Despite the potential value of these materials, only 17.4% of e-waste was recycled in 2019. The remaining 82.6% often ends up in countries outside Europe, and by that often ends up in nature. One of the causes of this low recycling rate is the complex recovery process of valuable materials. Electronic devices have become increasingly compact in recent years and contain increasingly smaller amounts of valuable metals per square centimeter. This increase in physical integration of microelectronic components makes the CRM extraction process increasingly complex.

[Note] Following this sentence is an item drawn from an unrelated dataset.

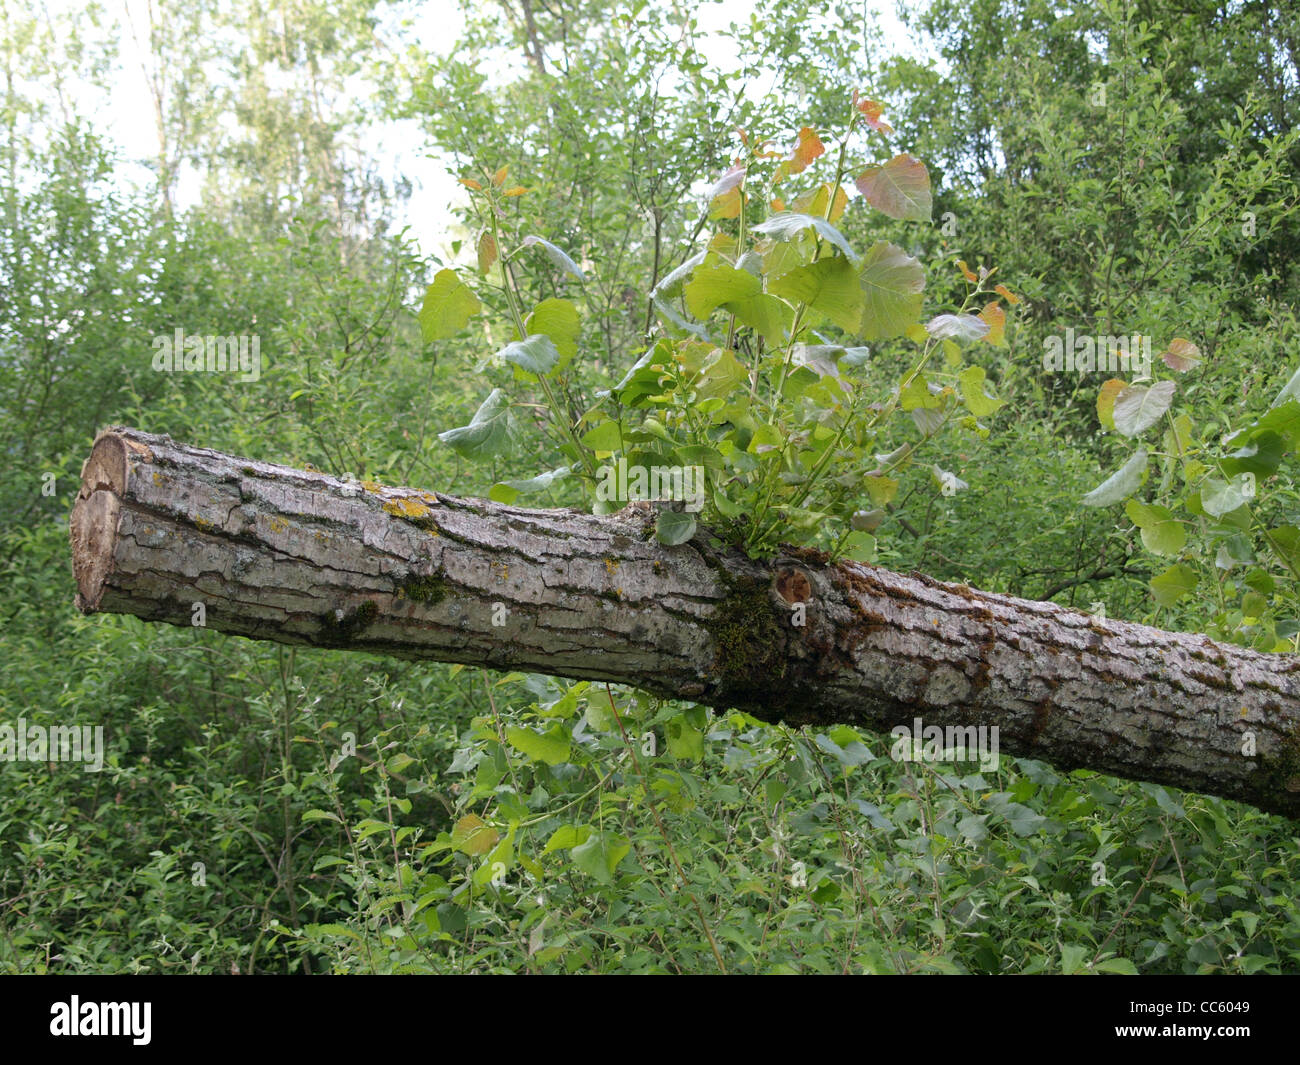 sawed poplar tree with fresh shoot / abgesägte Pappel mit frischen Austrieben Stock Photo

A&M Recycling manually sorts PCBs based on value and separates them into bins. In this way they attempt to recover some of the valuable metals present. After sorting, the contents of the bins are shredded and transported to recovery facilities. This already makes it possible to recycle the PCBs at a low quality. However, this manual pre-processing is time-consuming, requires experienced and specialized personnel and limits the number of different categories into which sorting can take place.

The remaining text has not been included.